BEGIN Data shown

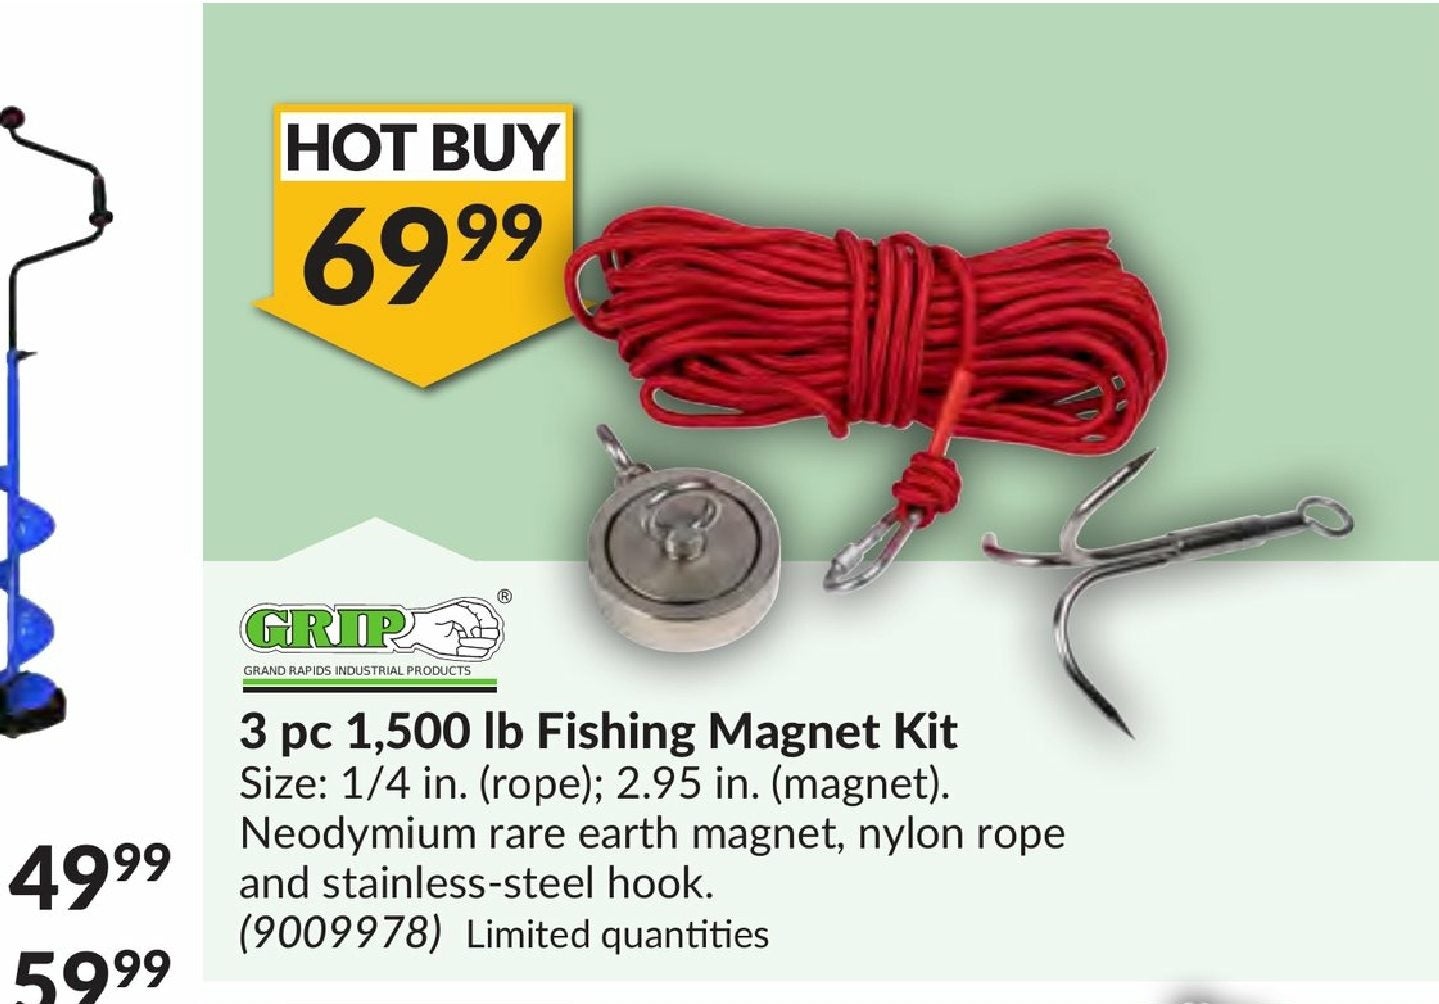 Princess Auto] Magnet Fishing Kit 1500lbs - $69.99 - RedFlagDeals.com Forums
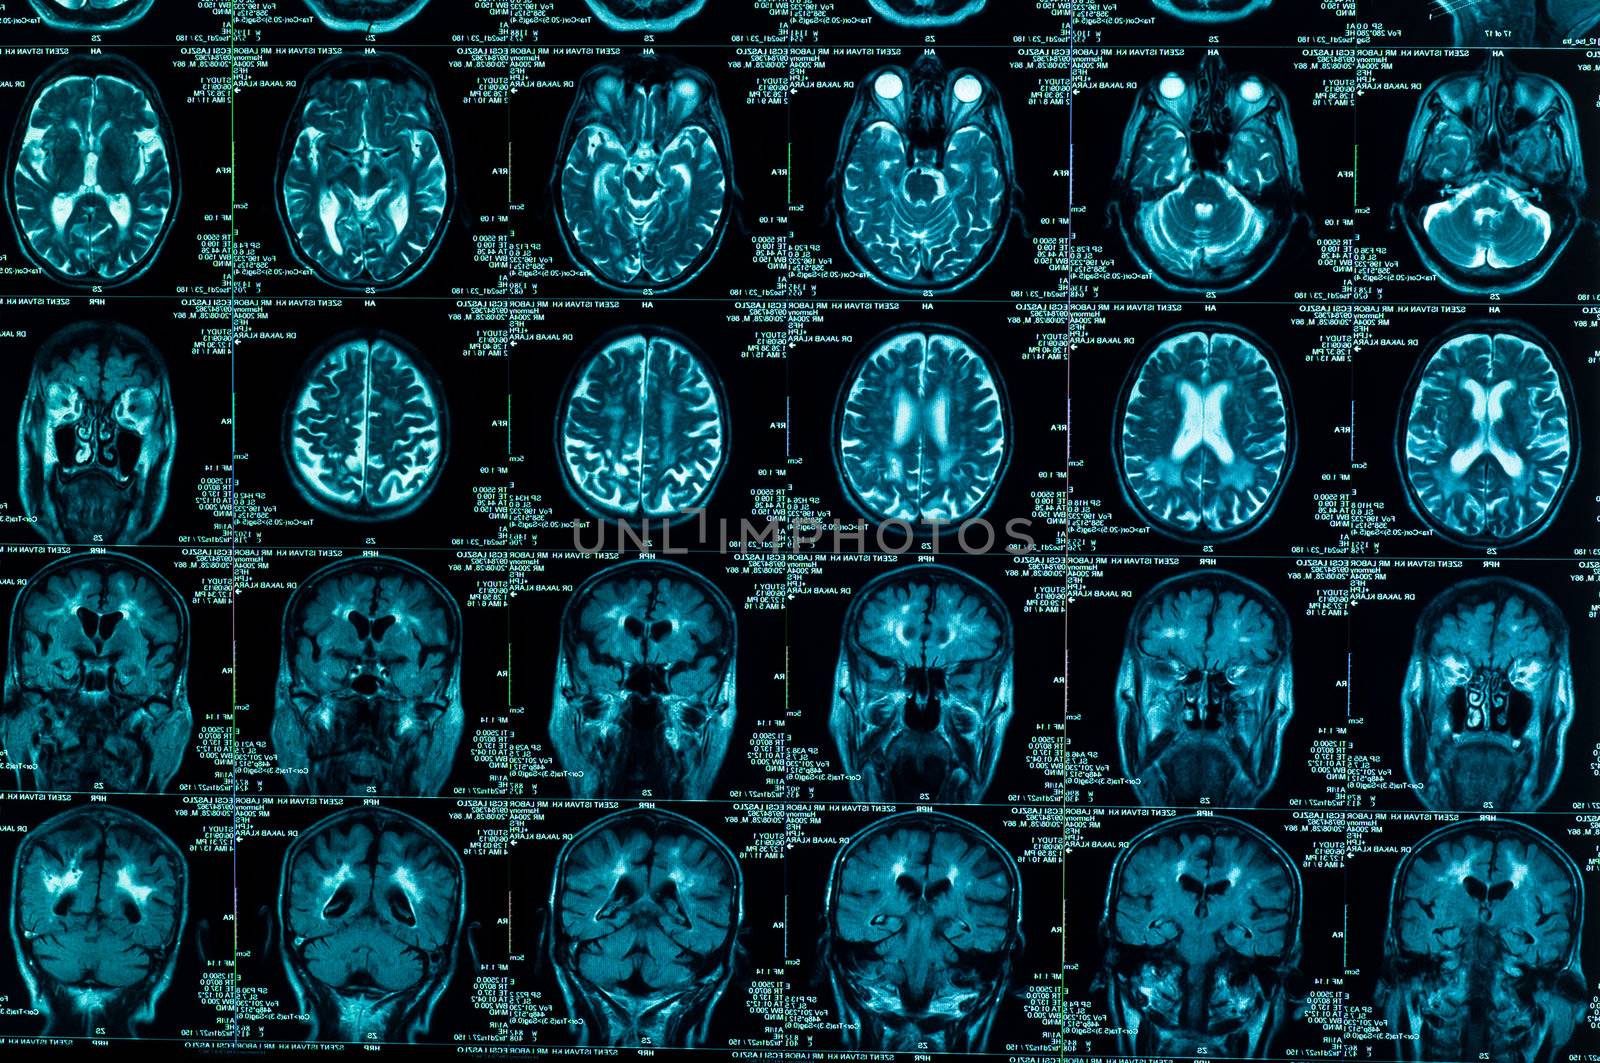 sharp ct scan of the human brain
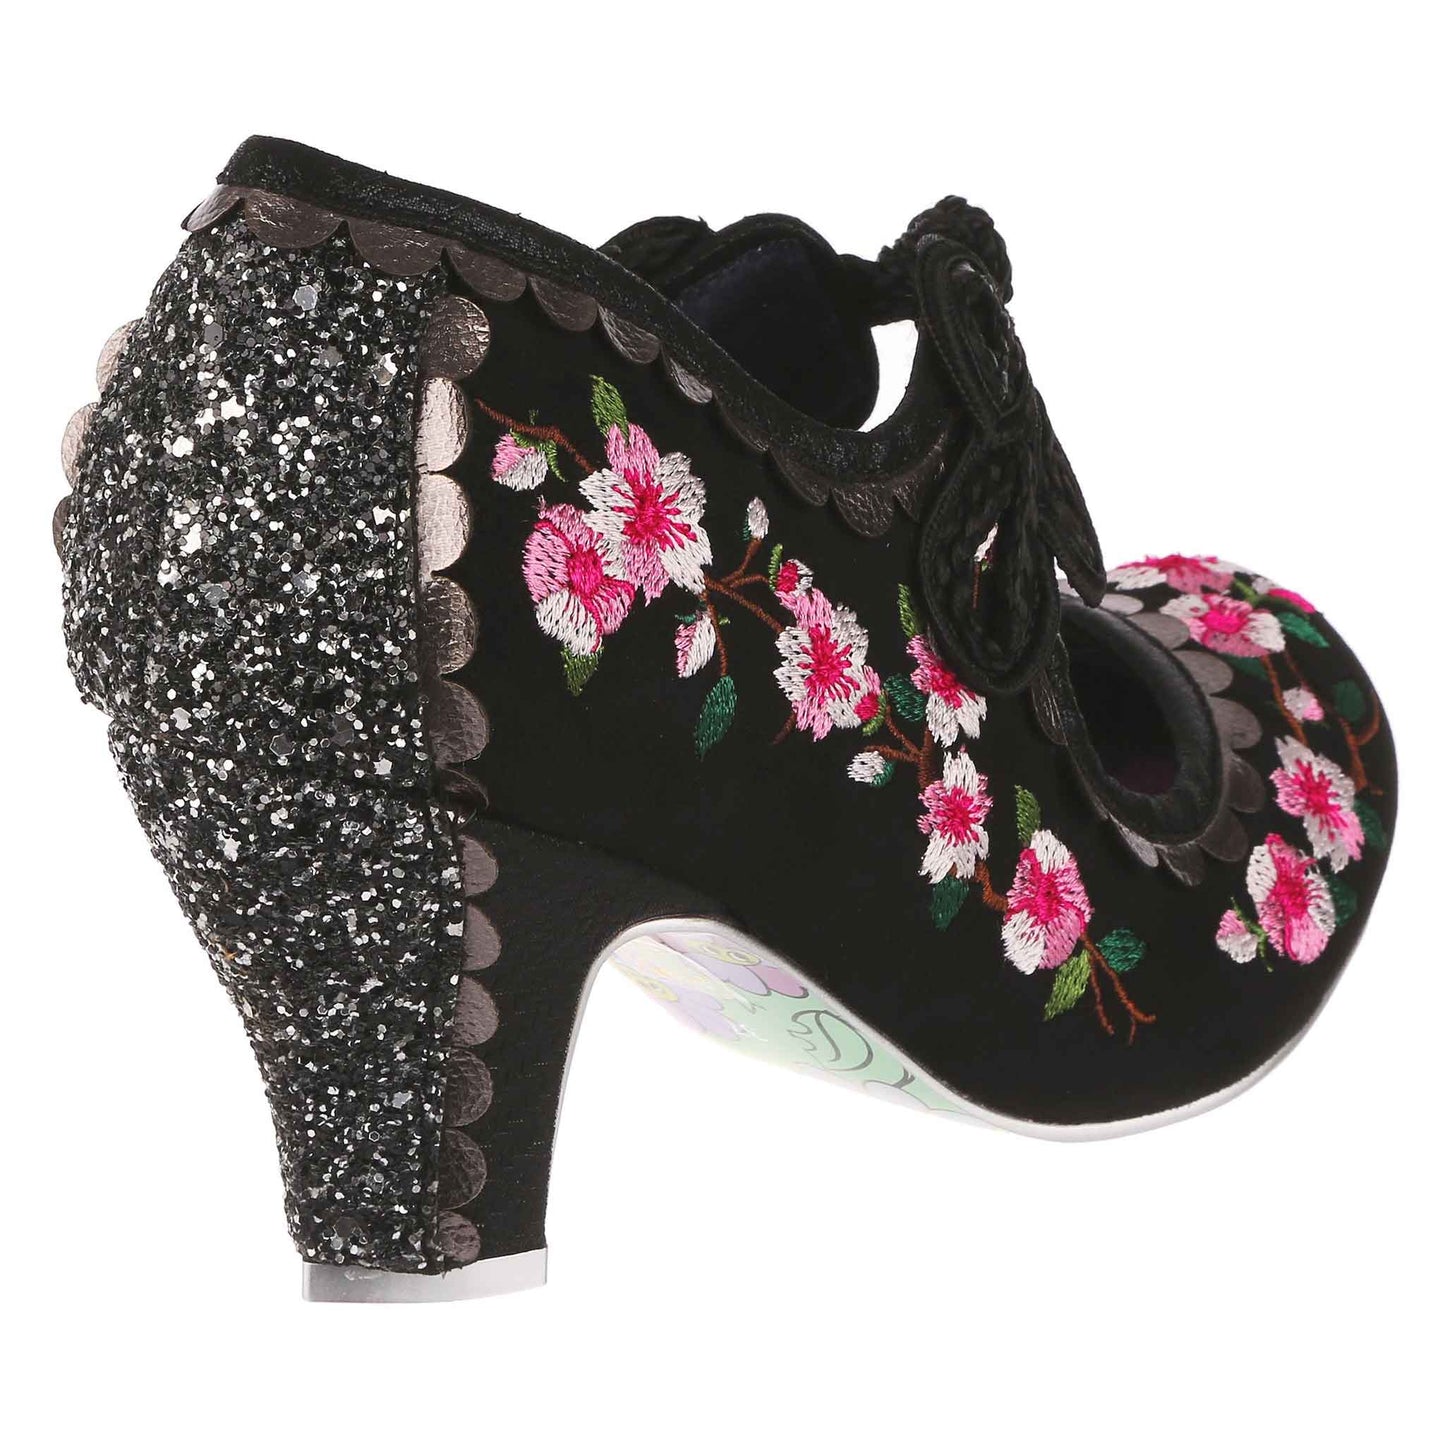 Irregular Choice Women's 4255-90 Cherry Blossoming Heel Shoes Black
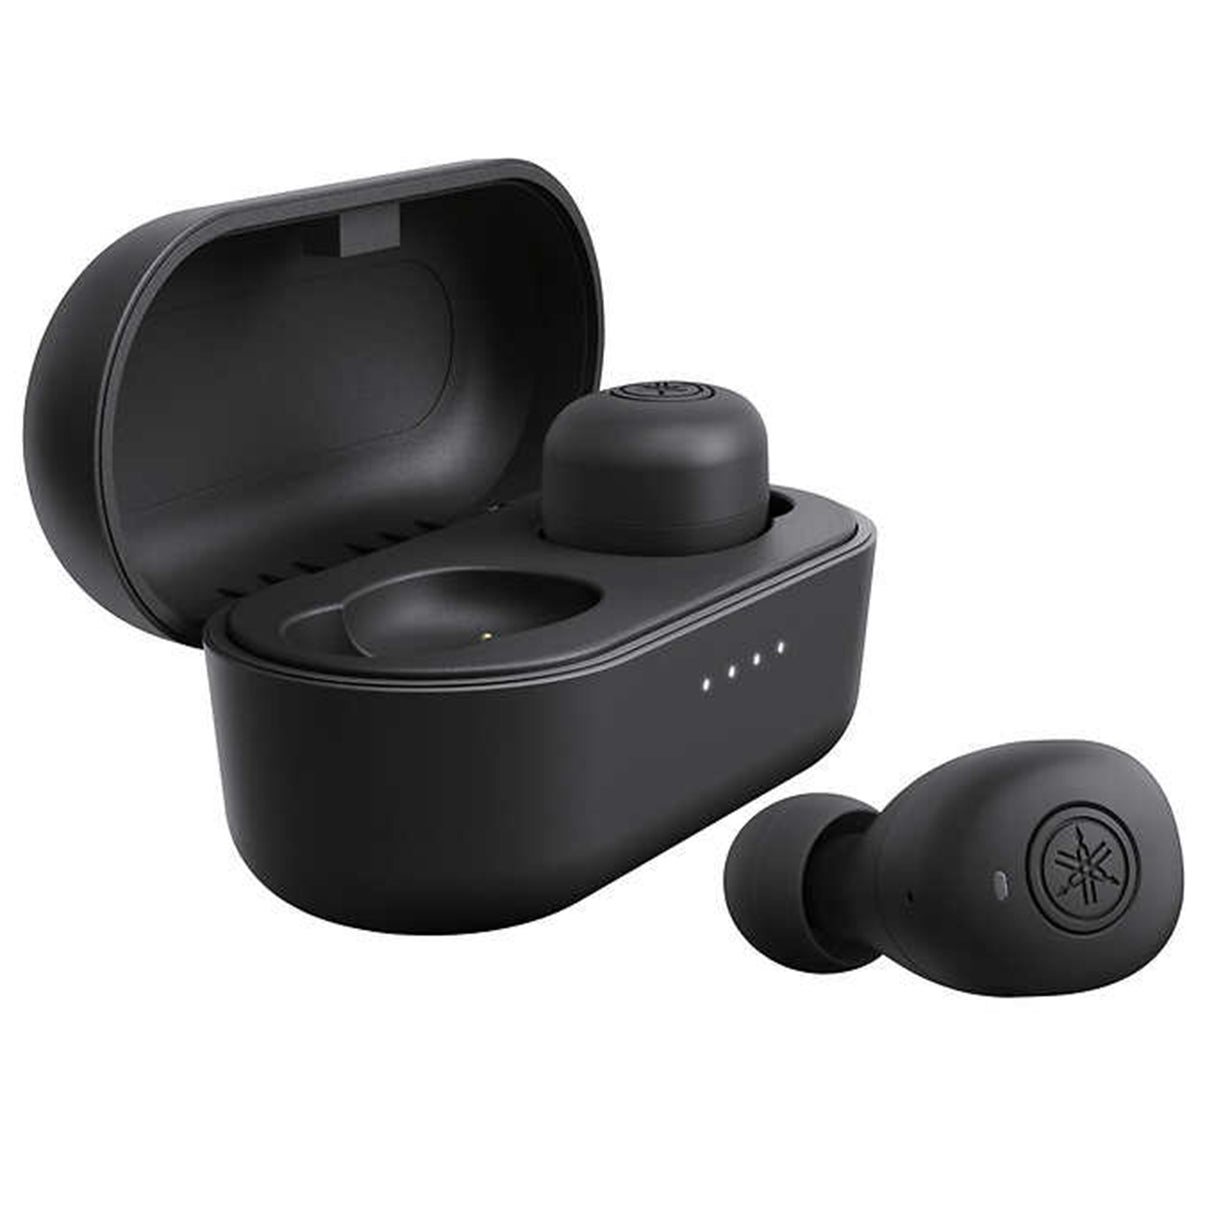 Yamaha TW-E3B - True Wireless Noise- Cancelling Bluetooth Earbuds (Black)

END Data shown

In your copy of the listing above, every line must match exactly and no picture may appear.

» **Written answer**:
 Princess Auto] Magnet Fishing Kit 1500lbs - $69.99 - RedFlagDeals.com Forums
 sharp ct scan of the human brain
 Irregular Choice Women's 4255-90 Cherry Blossoming Heel Shoes Black
 Yamaha TW-E3B - True Wireless Noise- Cancelling Bluetooth Earbuds (Black)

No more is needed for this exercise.